Instructions to follow.
Give the listing again character for character, but drop the images.

Input data.
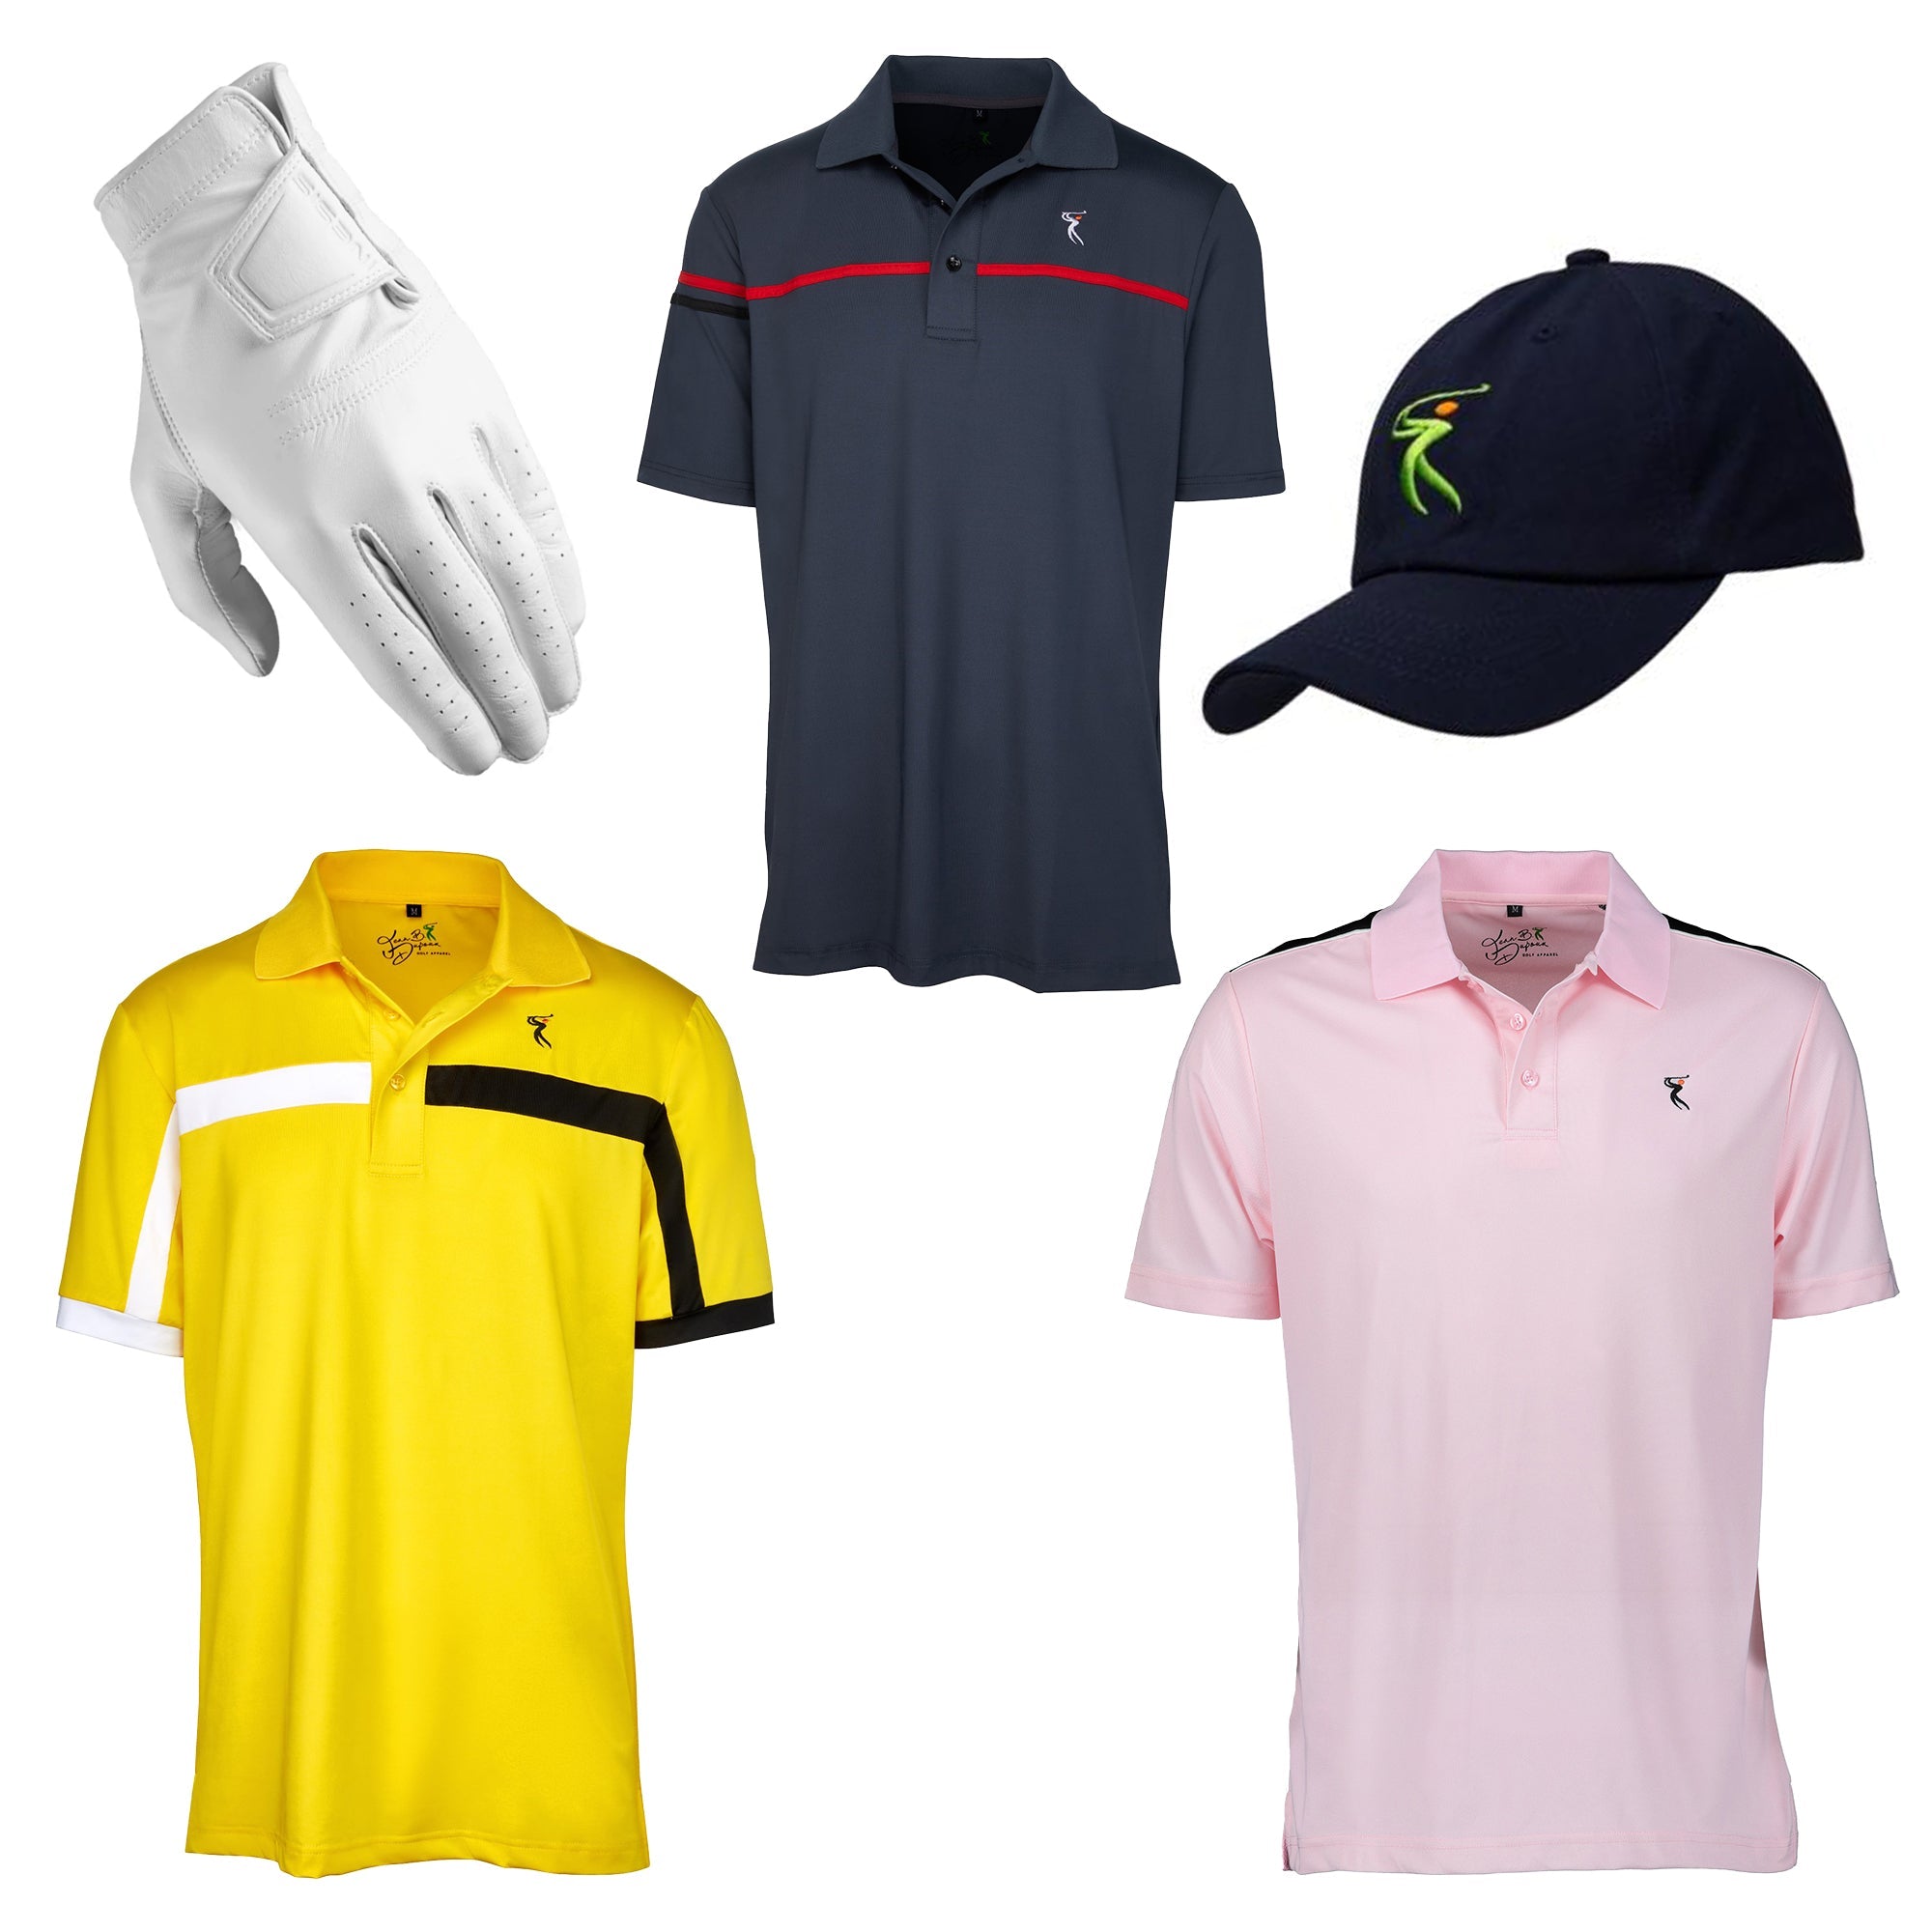 Pack of 3 - Men's Golf Shirt Combo (Get Golf Hat & Leather Glove For FREE!!!)
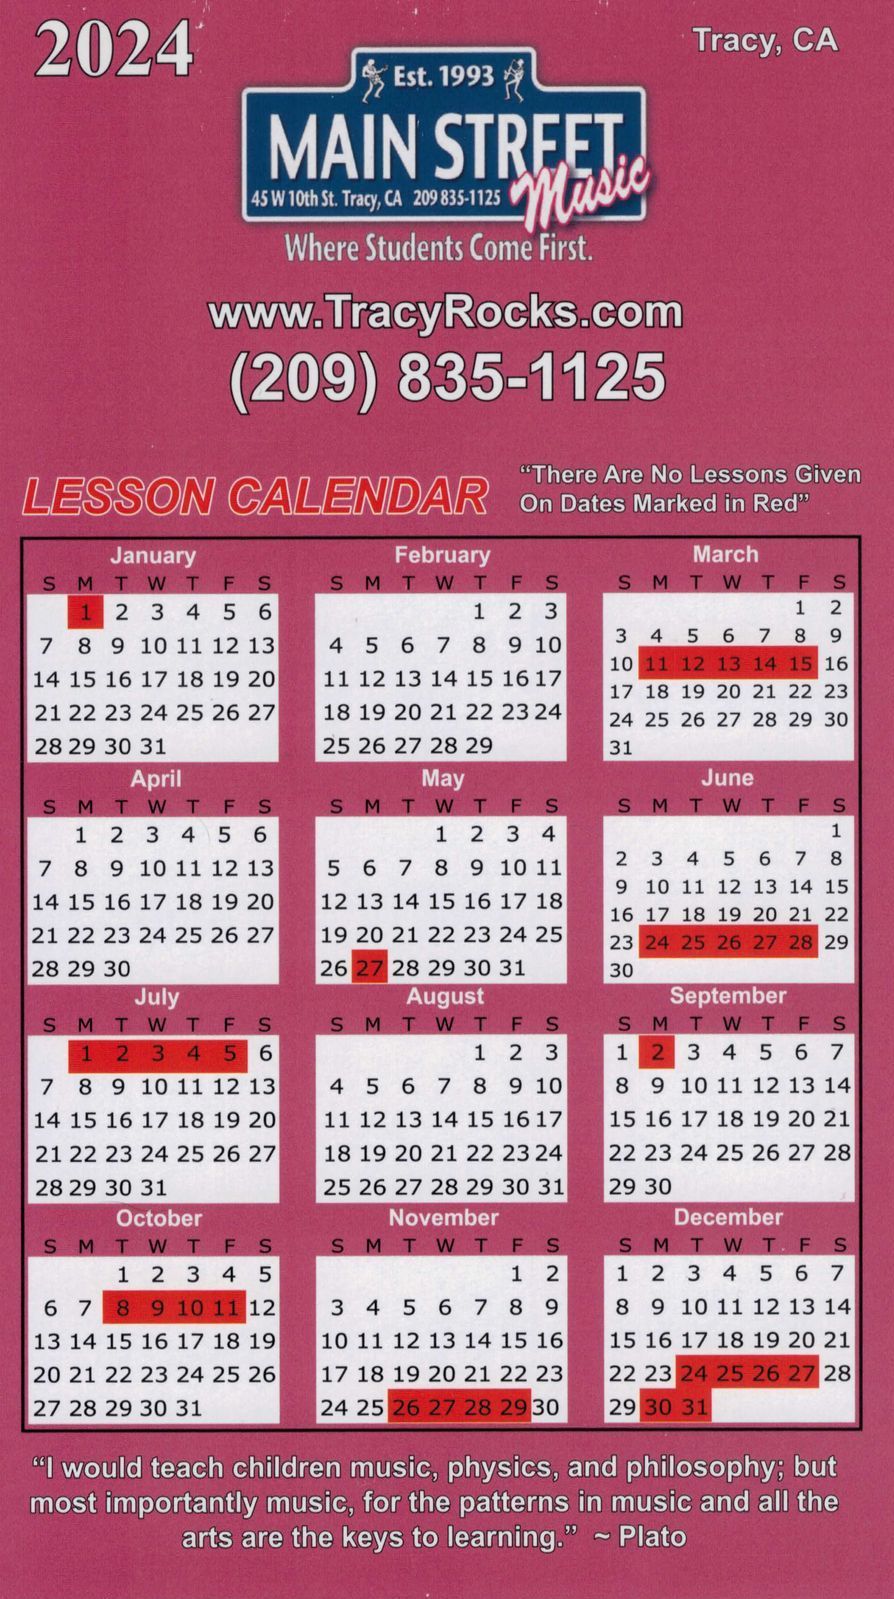 a music lesson calendar for the year 2024 is displayed on a pink background
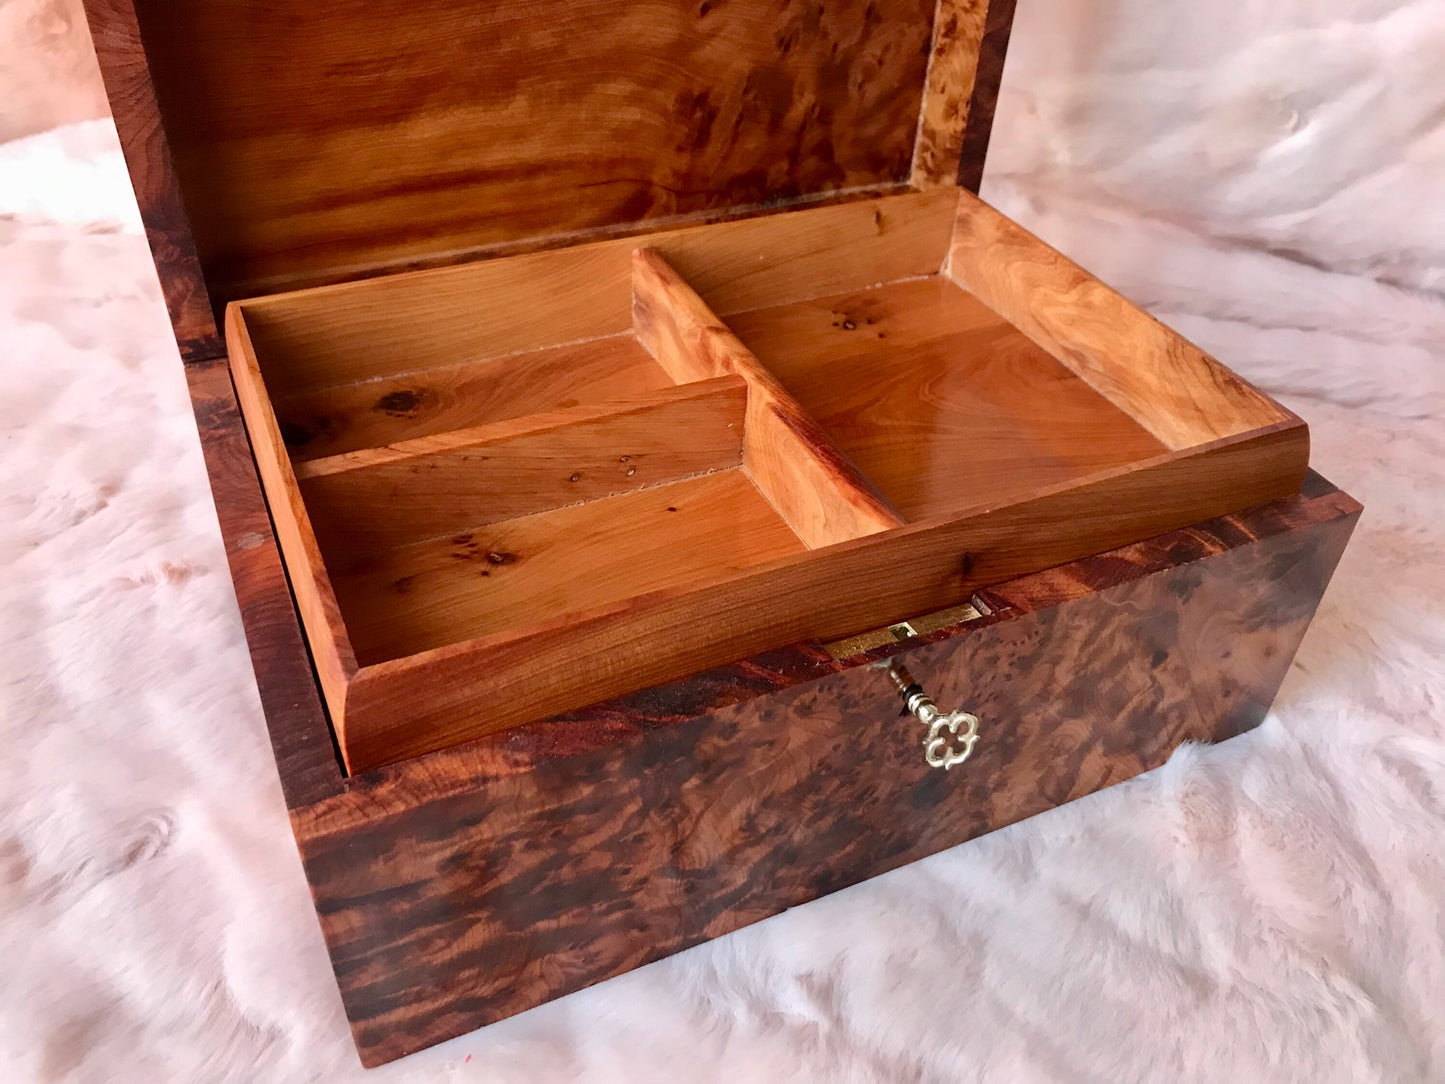 Moroccan lockable Thuya burl Jewelry wooden Box with key,inlaid with mother of pearl and black wood,Gift idea,wife,girl,mother anniversary

Problem solution.
 Pack of 3 - Men's Golf Shirt Combo (Get Golf Hat & Leather Glove For FREE!!!)
 a music lesson calendar for the year 2024 is displayed on a pink background
 Moroccan lockable Thuya burl Jewelry wooden Box with key,inlaid with mother of pearl and black wood,Gift idea,wife,girl,mother anniversary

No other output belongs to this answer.